キョロキョロ、キョロキョロ。冷たく硬い足場の上で、1匹の狐が戸惑うように辺りを見回している。

「本当にいいの?」と言いたげな狐に、ポニーテールの博士が静かに声をかける。

「……今日は特例なの。上層部……偉い人から、大事な事を知らされてね。」

博士の顔をキョトン、と見上げ首を傾げるその狐。

「ほら、あなたも彼も、今まで外に出て冒険なんて出来なかったじゃない?」

……そう、この狐、本来であれば収容されるべきオブジェクトだ。博士はSCP-150-JP報告書の実験記録を思い出す。

人間と500円玉の、「価値」を入れ換えたこの狐。
「直立不動の人間」になった500円玉と、自販機で使用できてしまった、元人間だった500円玉。

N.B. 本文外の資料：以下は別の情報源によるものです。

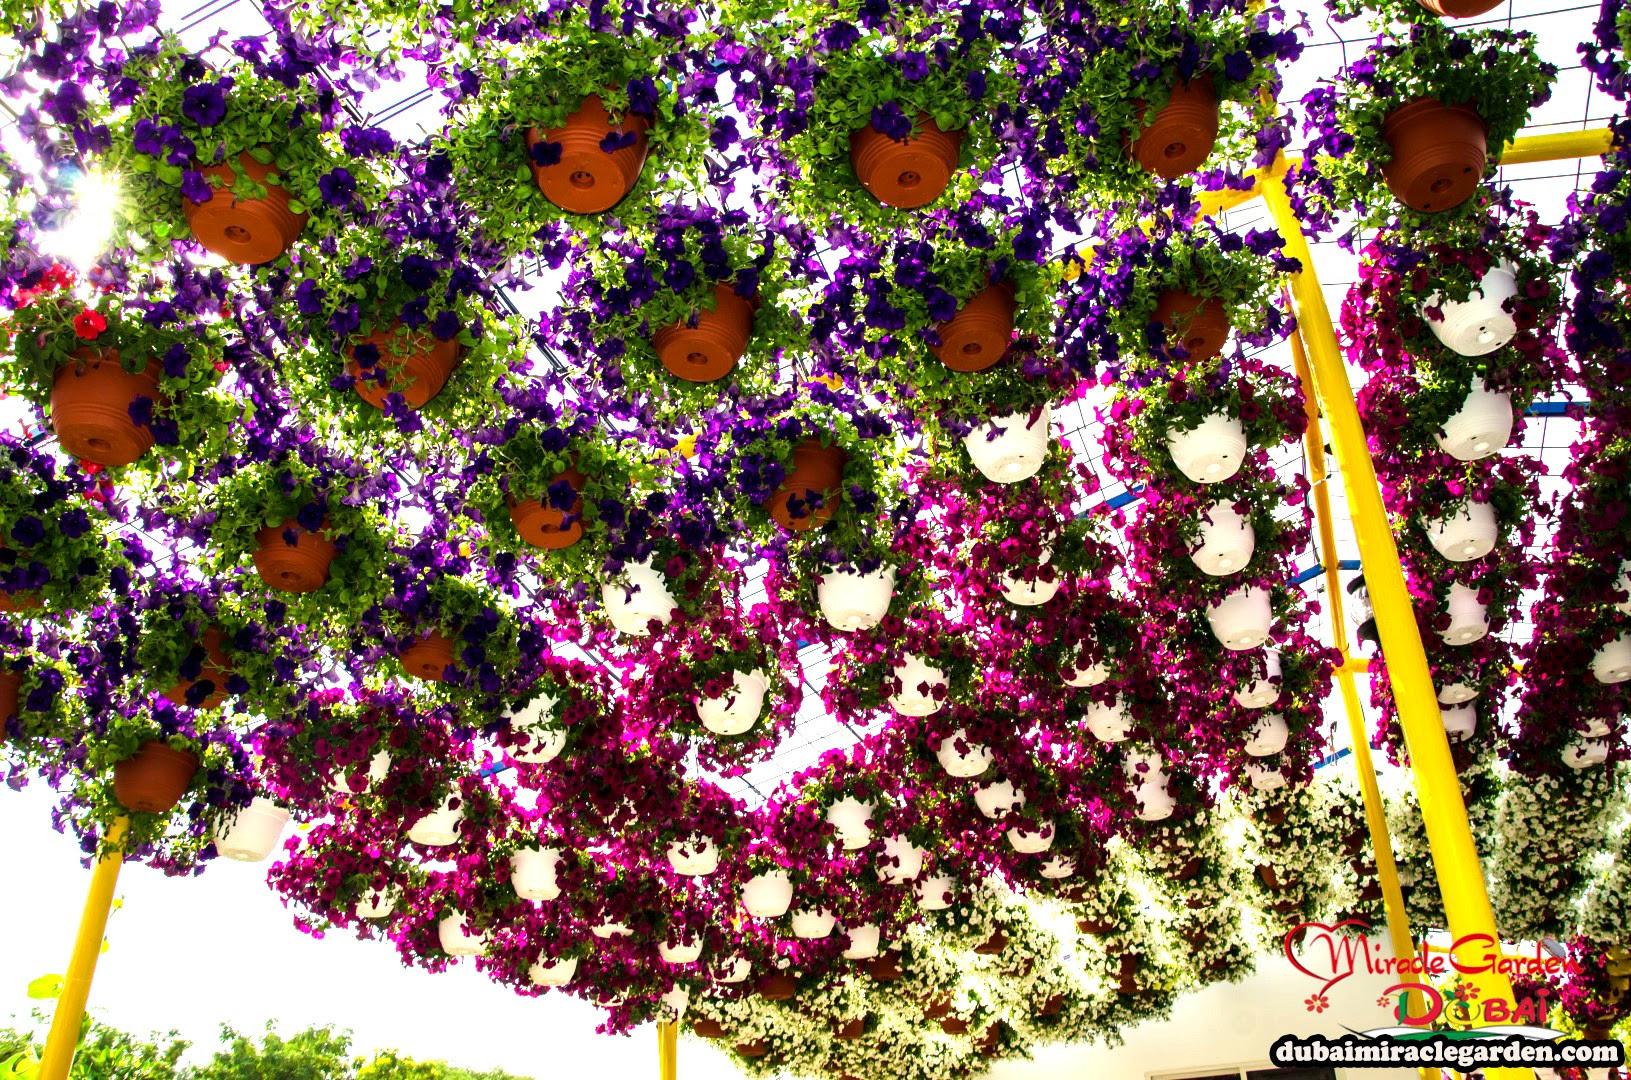 Dubai Miracle Garden 15
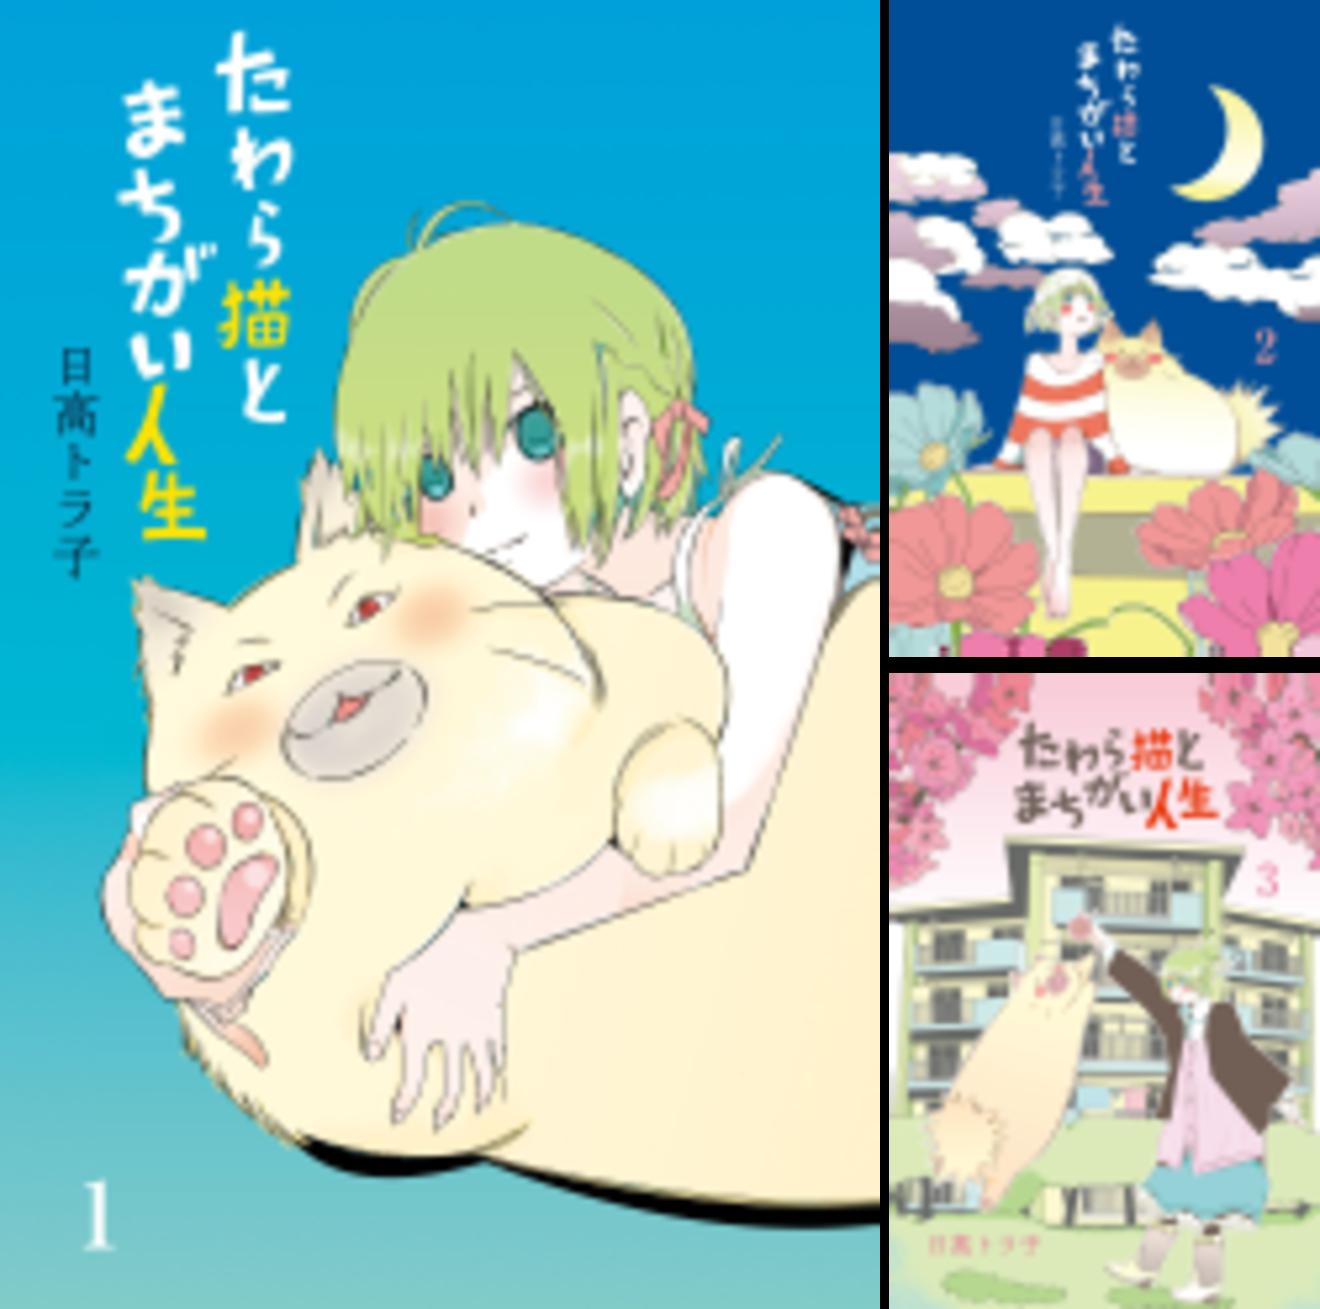 『たわら猫とまちがい人生』の不思議な魅力を全巻ネタバレ紹介!【無料漫画】

(本来だったらあたし自身が、入れ換えられてるところね……)

博士は、SCP-150-JPを抱えて地下から縦穴を登る。



……もうこの期に及んでは、博士が入れ換えられるような心配は起こり得ないのだった。


(さぁ、上に行きましょう……。)












1人と1匹はささやかな、「最期のパーティー」へと向かうのだった。

















20██年4月30日


場所: S██-██17-プライム










僕は……、今もまだ妄想の中に居るのだろうか。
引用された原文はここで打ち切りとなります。